Referring to the Figures, the refrigerating appliance comprises a collector 1 which takes the form of a housing preferably made of stainless steel. This housing has essentially two mutually confronting faces: an upper face 6 exposed to the thermal-energy source and a lower face 7. The interior of the collector 1 is fitted with a body 14 having a high capacity for the adsorption or desorption of a fluid, such as zeolite which is a microporous aluminosil icate compound, the fluid used in this case preferably being water, or such as activated charcoal, in which case the fluid used is preferably methanol.

In the collector 1, a space 9 is provided between the body 14 and the lower face 7. The body 14 is retained against the upper face 6 by means of a plane support 13.

The latter is held in place, for example, by means of lateral wedges (not shown). Since the body 14 is light, these wedges can be arranged only against the inner walls of the housing. The support 13 can, for example, be a netting or a perforated metal sheet. The holes made in the support must be such that the body 14 cannot fall into the space 9 and that the support remains permeable to the fluid.

Preferably, the faces 6 and 7 have a slightly concave shape. In fact, the interior of the housing is put under a partial vacuum, thus generating stresses exerted on the housing. These are reduced when this shape is employed. The same applies when the faces 6 and 7 have a slightly convex shape.

Reference can be made to the description of the abovementioned patent for a more detailed description of such a collector.

Arranged perpendicularly relative to the lower face 7 of the housing and on the outside of this are fins which, together with the space 9 and this lower face 7, form a condenser 10. The number and surface area of the fins are determined so as to obtain a condenser of a given performance.

The collector 1 is connected, by means of a first conduit 8, a tank 11 and a second conduit 4, to an evaporator 2 located in a thermally insulating box 3 which is filled, for example, with water.

The first conduit 8 is connected at one end to the space 9 provided in the collector 1, and the collec tor is arranged in such a way that the junction between the collector and the conduit 8 is the low point of the housing.

The first conduit 8 is connected at the other end to the upper part of the tank 11. The tank 11 can be of any shape, for example cylindrical, as shown in Figure 1.

The volume of the tank is a function of the area of the upper face 6 of the collector 1 and of the volume of the adsorbent/desorbent body contained in the housing.

The second conduit 4 is connected at one of its ends to the upper part of the evaporator 2. The other end of the conduit 4 opposite the evaporator 2 penetrates into the tank 11 in its lower part and carries a valve 20.

The valve 20 consists of a shutter 12 of spherical shape, of a part of the conduit 4 at its end located in the tank 11, the shutter penetrating at least partially into the said conduit part, and of a guide element 15 surrounding the shutter 12 and making it possible to guide the movement of the latter in a vertical axis. The guide element 15 can consist particularly of a spring.

The functioning of the refrigerating appliance, which takes place by means o-f the intermittent supply of thermal energy, for example solar energy, will now be described.

In the presence of thermal energy, the temperature and pressure increase progressively in the collector 1.

The body 14 discharges the fluid in the form of vapour by desorption.

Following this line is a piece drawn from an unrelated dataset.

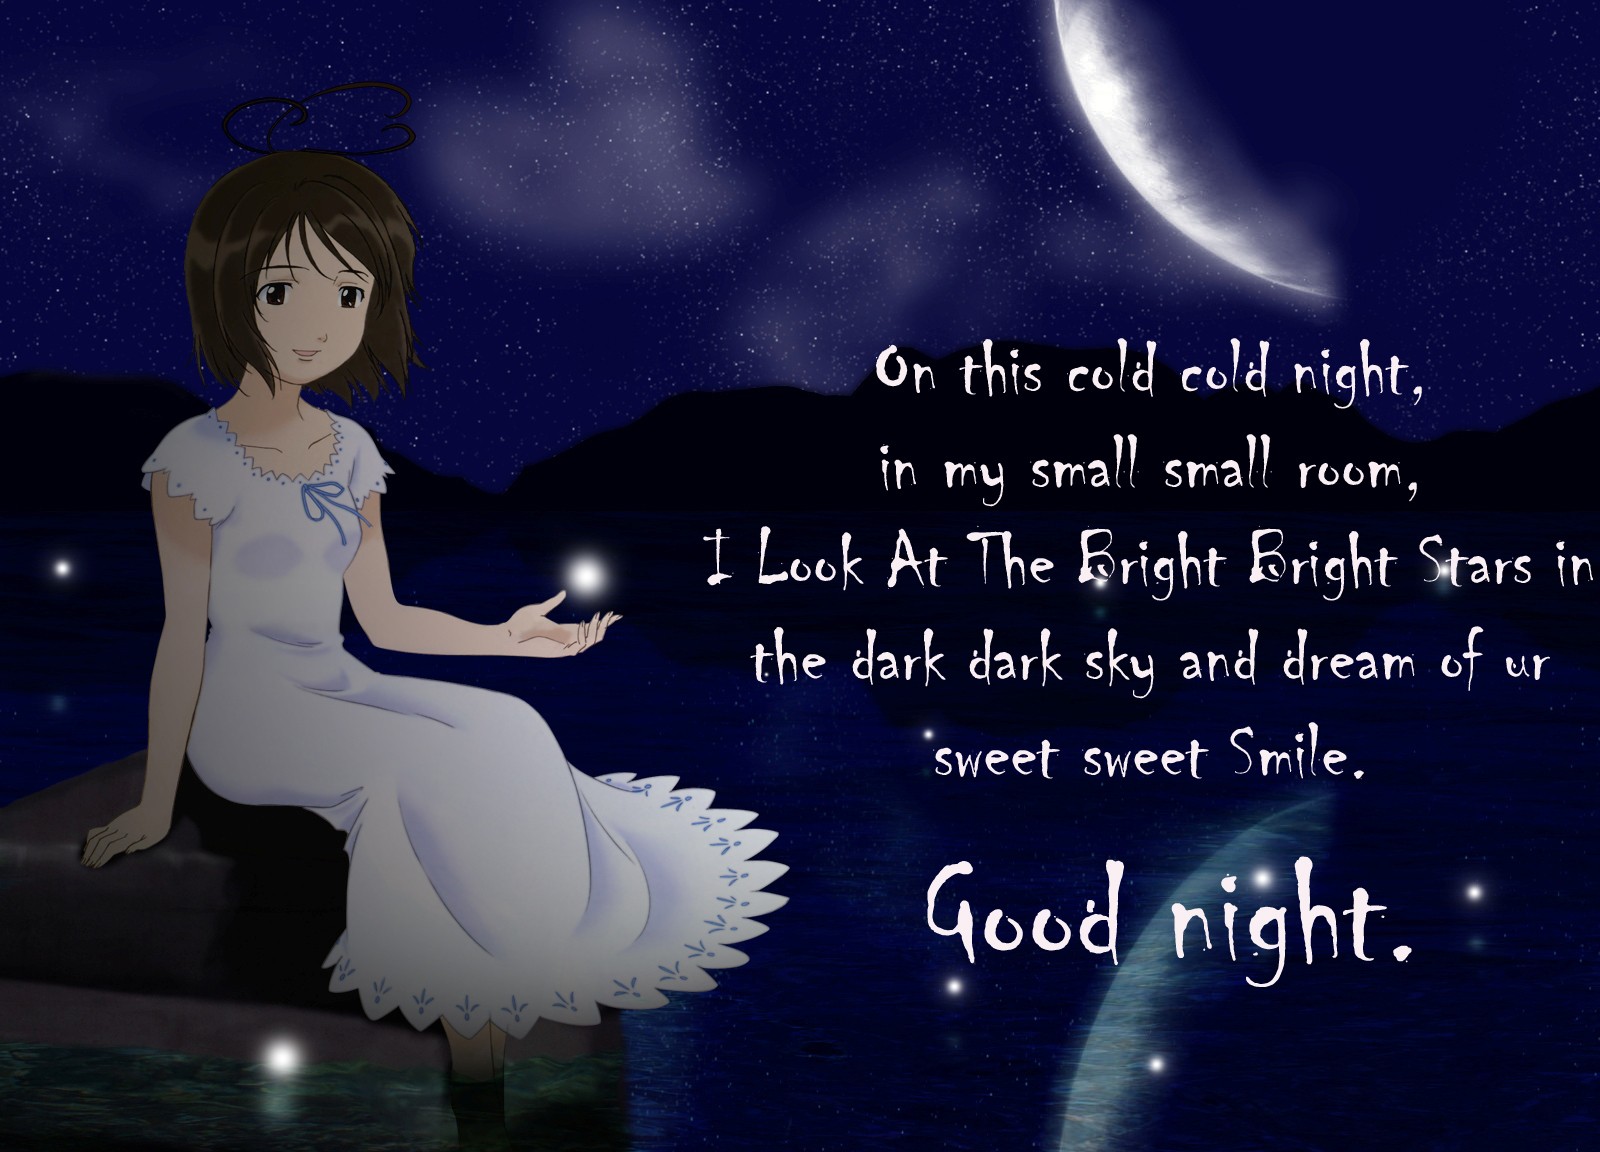 Good Night wishes images - Good Night wishes pic

The first vapours formed condense on the face 7 of the housing and flow into the conduit 8. The fluid accumulates in the tank 11.

The pressure in the evaporator 2 is much lower than that prevailing in the collector 1 and the tank 11.

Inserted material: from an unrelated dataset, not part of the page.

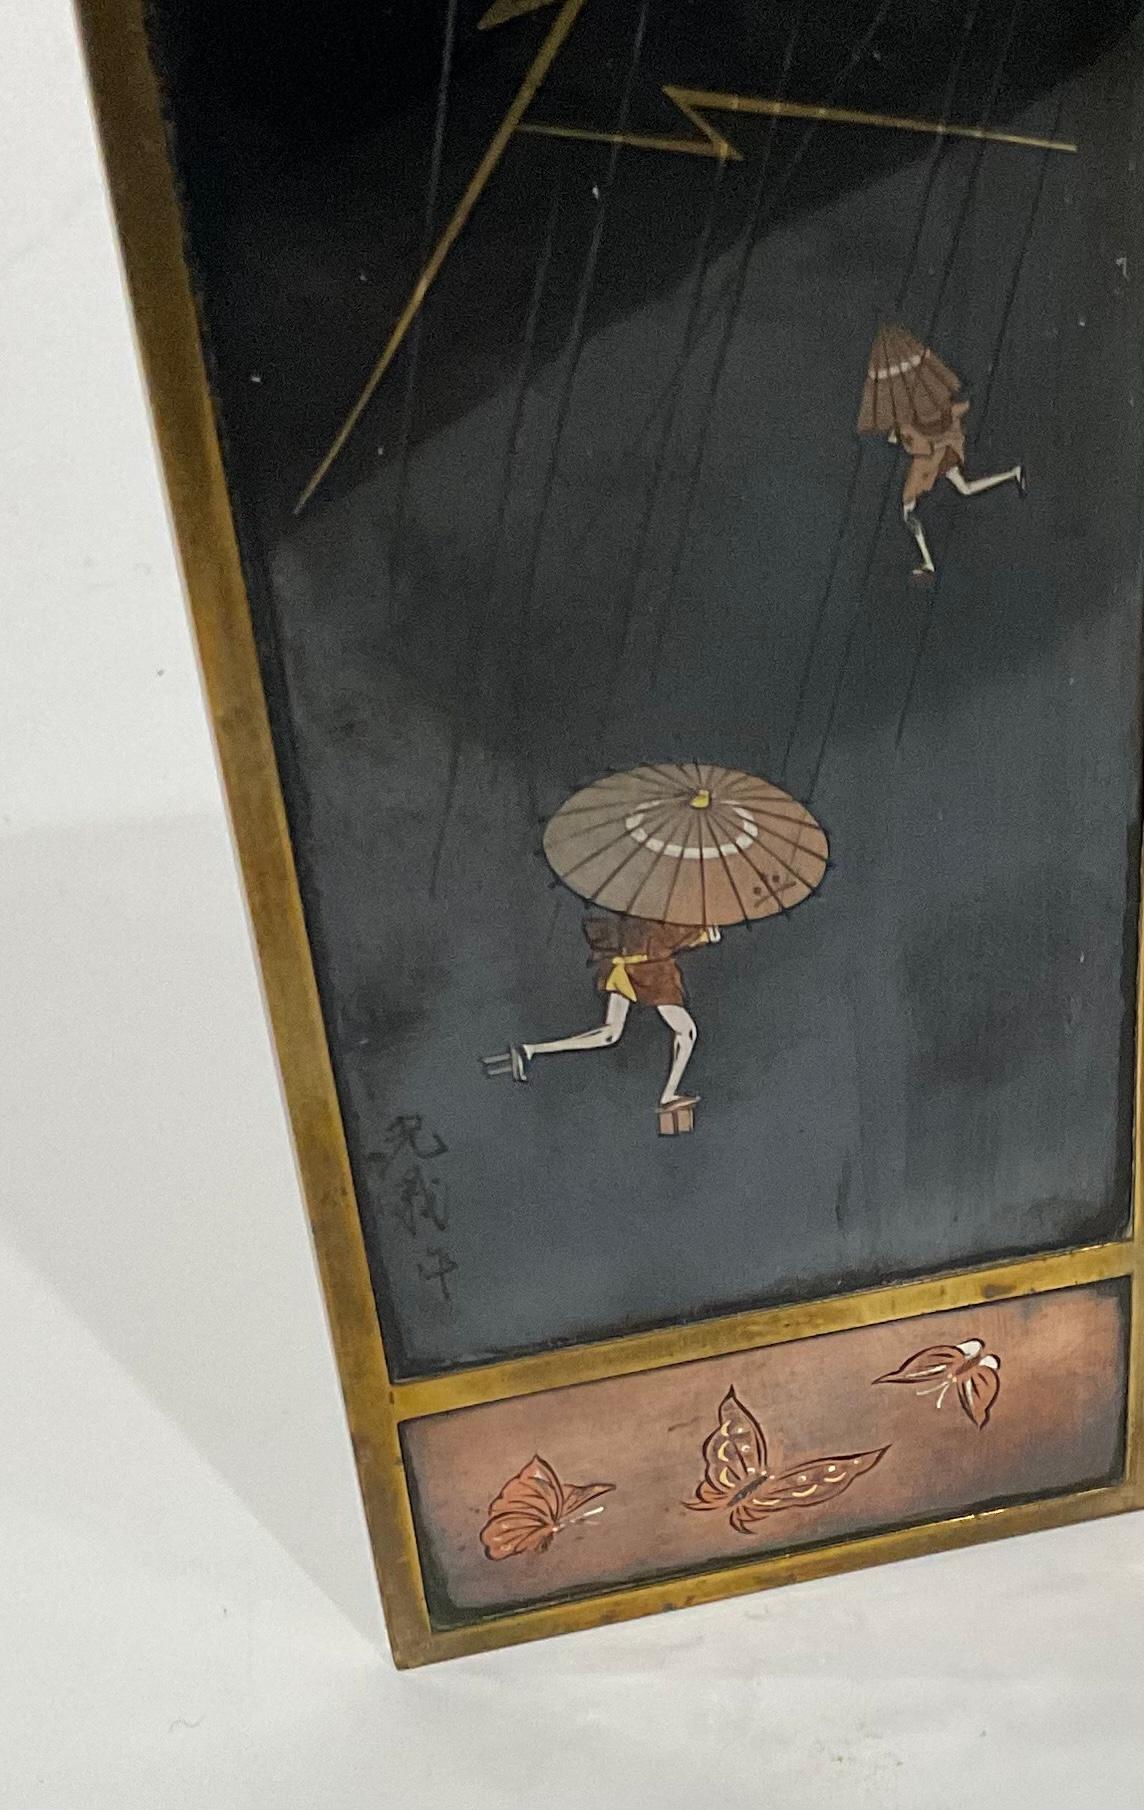 A good Japanese bronze and shakudo miniature table screen, Meiji period, each panel in a gilt bronze frame, one panel depicts figures caught in a rainstorm with lightning, signed lower left, a panel of chrysanthemums, a panel has a female with

Because of this pressure difference, the spherical shutter 12 closes off the conduit 4 completely. Thus, the vapours cannot pass directly from the space 9 provided in the collector to the evaporator 2.

If the thermal energy is solar energy, this desorption phase corresponds to the daytime phase.

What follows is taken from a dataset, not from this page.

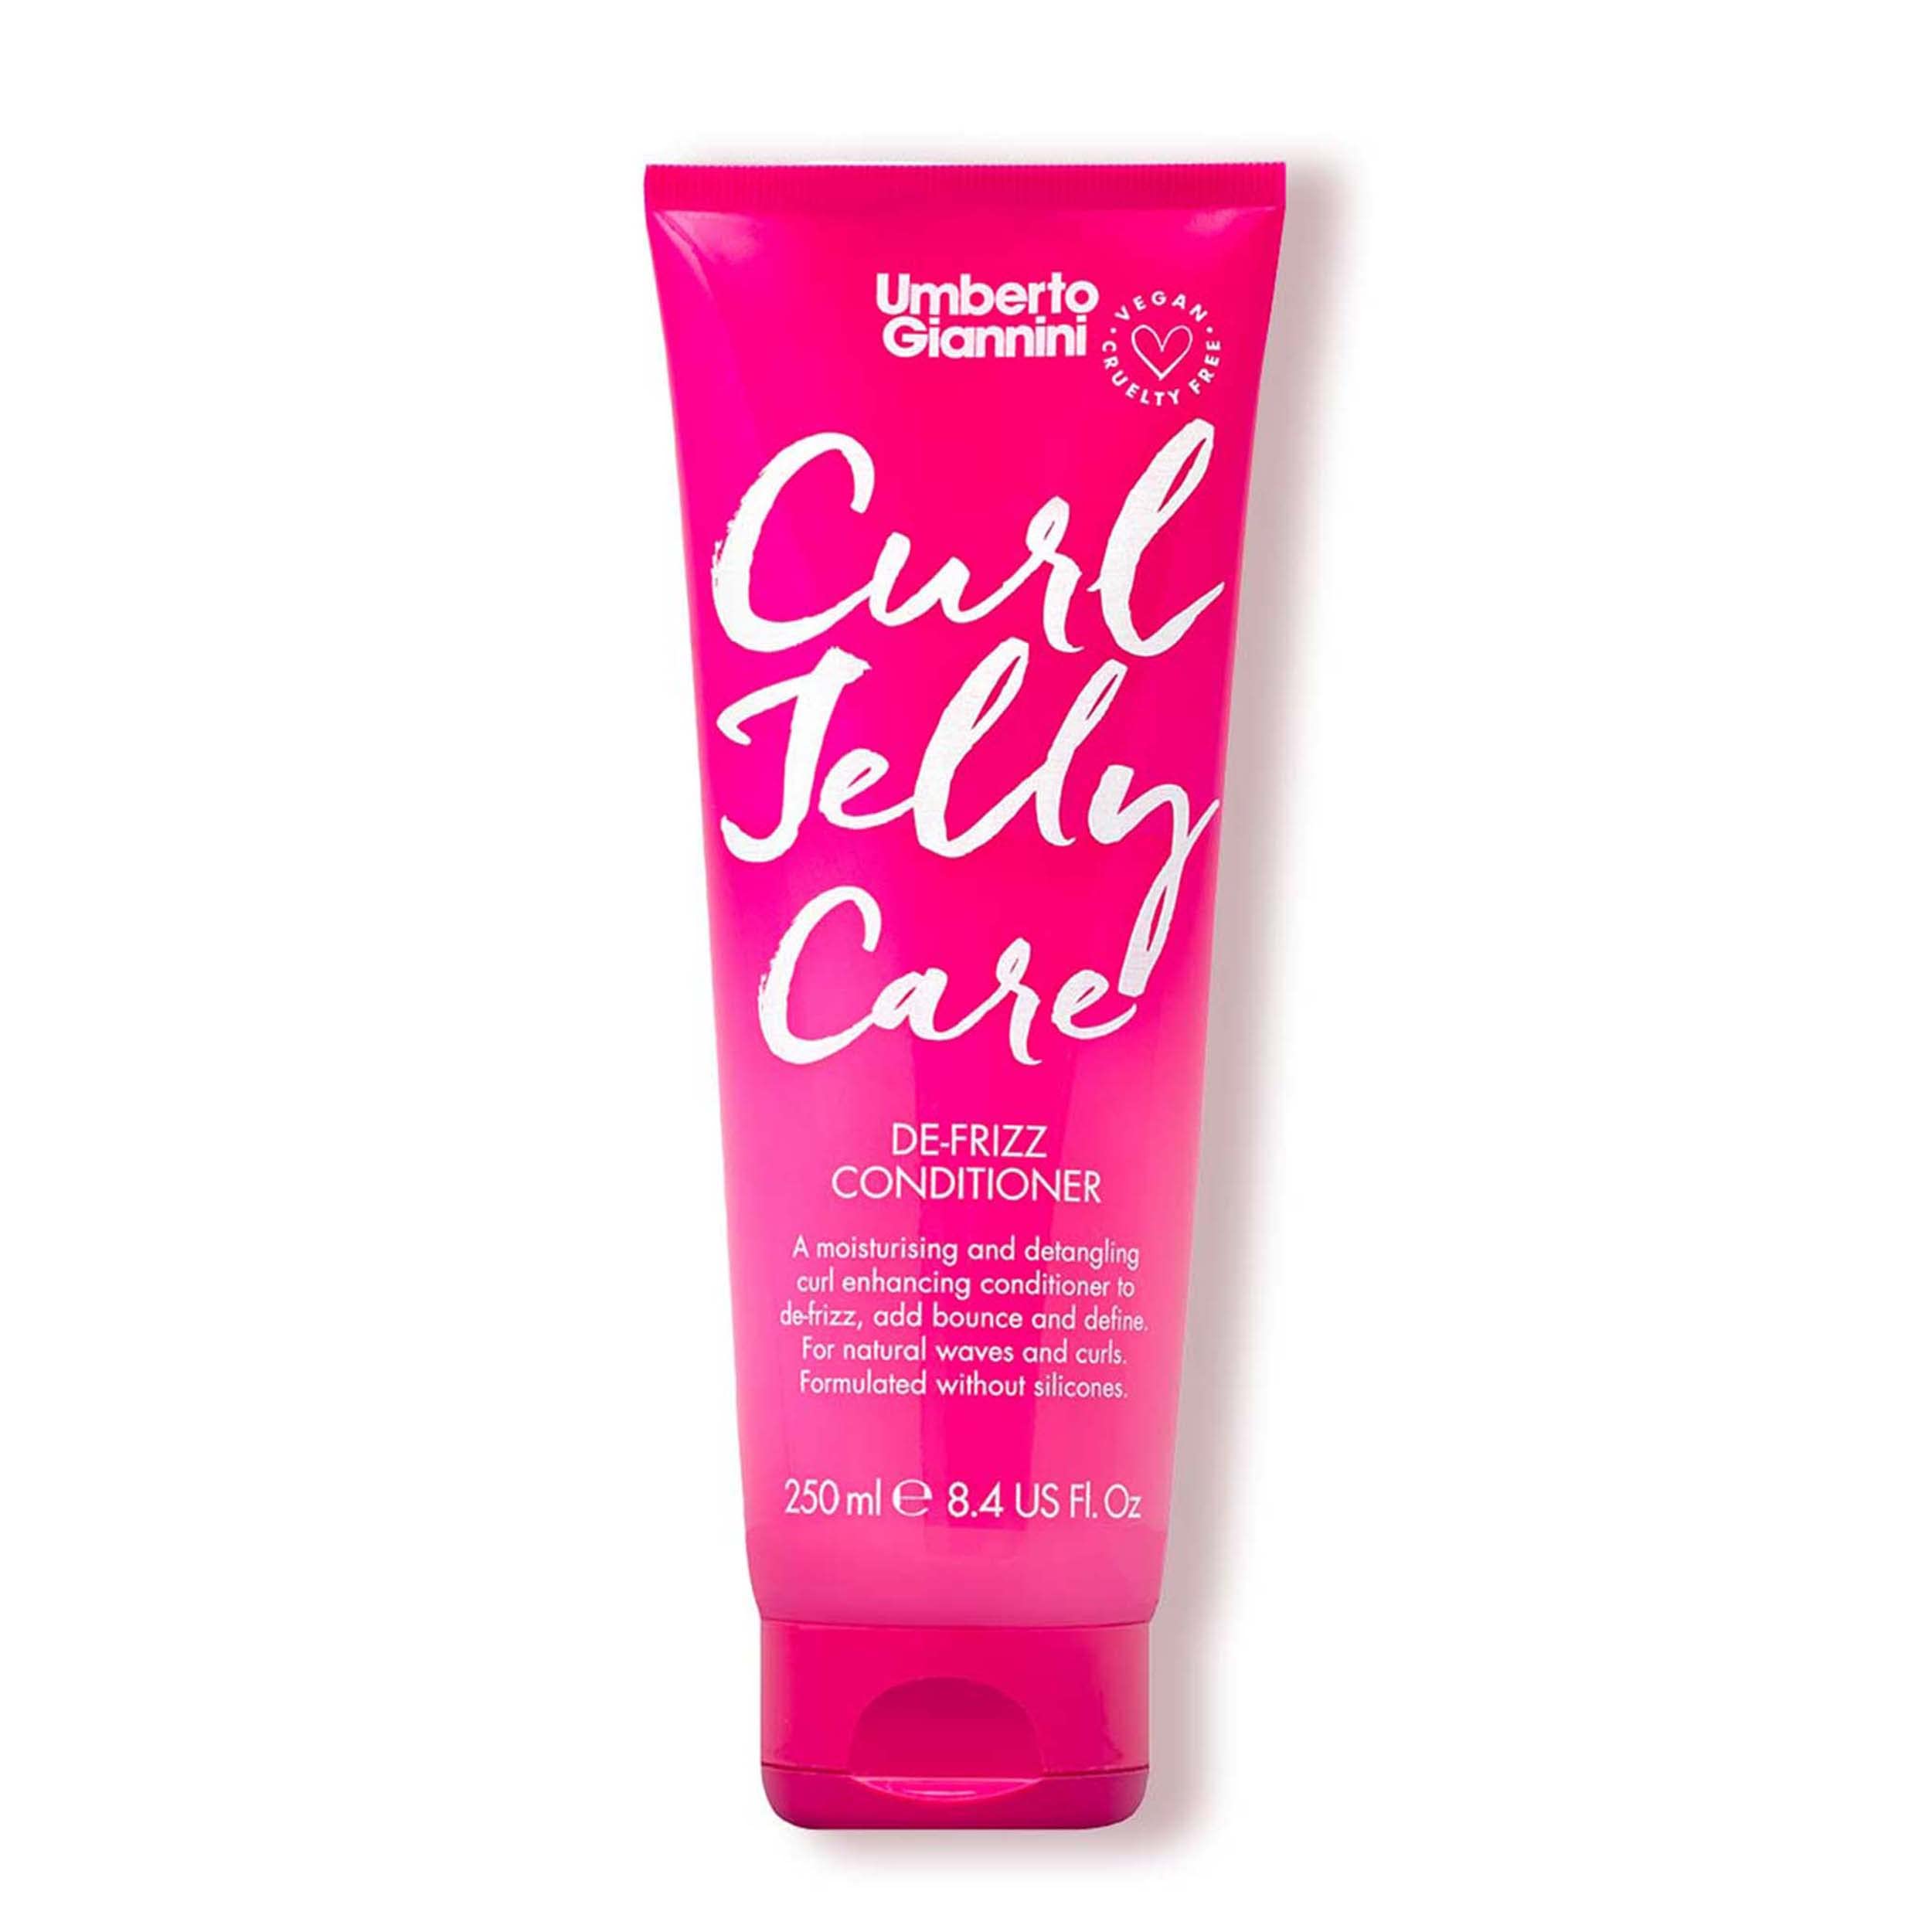 Umberto Giannini Curl Jelly Care, Vegan & Cruelty Free De-Frizz Conditioner for Curly or Wavy Hair, 250 ml

When there is no supply of thermal energy, the temperature of the body 14 and the pressure in the collector 1 fall. The body 14 begins to adsorb the fluid which had accumulated in the tank 11. The pressure in the tank 11 falls, whilst that prevailing in the evaporator 2 remains constant. When the pressure in the tank 11 becomes less than the sum of the pressure in the evaporator 2 and of the buoyancy exerted on the spherical shutter 12, the spherical shutter is lifted, thus opening the entrance of the conduit 4. The fluid accumulated in the tank 11 passes completely into the evaporator 2 under the effect of gravity.

Because of the pressure difference prevailing between the tank 11 and the evaporator 2, the shutter 12 remains lifted and the body 14 continues to adsorb the fluid which now evaporates from the evaporator 2. Since the circuit is hermetically closed and evaporation is endothermic, there is a release of cold in the evaporator.

The water contained in the insulating box 3, in which the evaporator is immersed, solidifies and thus contributes to keeping the temperature in the insulating box at a temperature in the neighbourhood of 0 0C, even when adsorption has ended. This adsorption phase generating the cold continues until there is a new supply of thermal energy.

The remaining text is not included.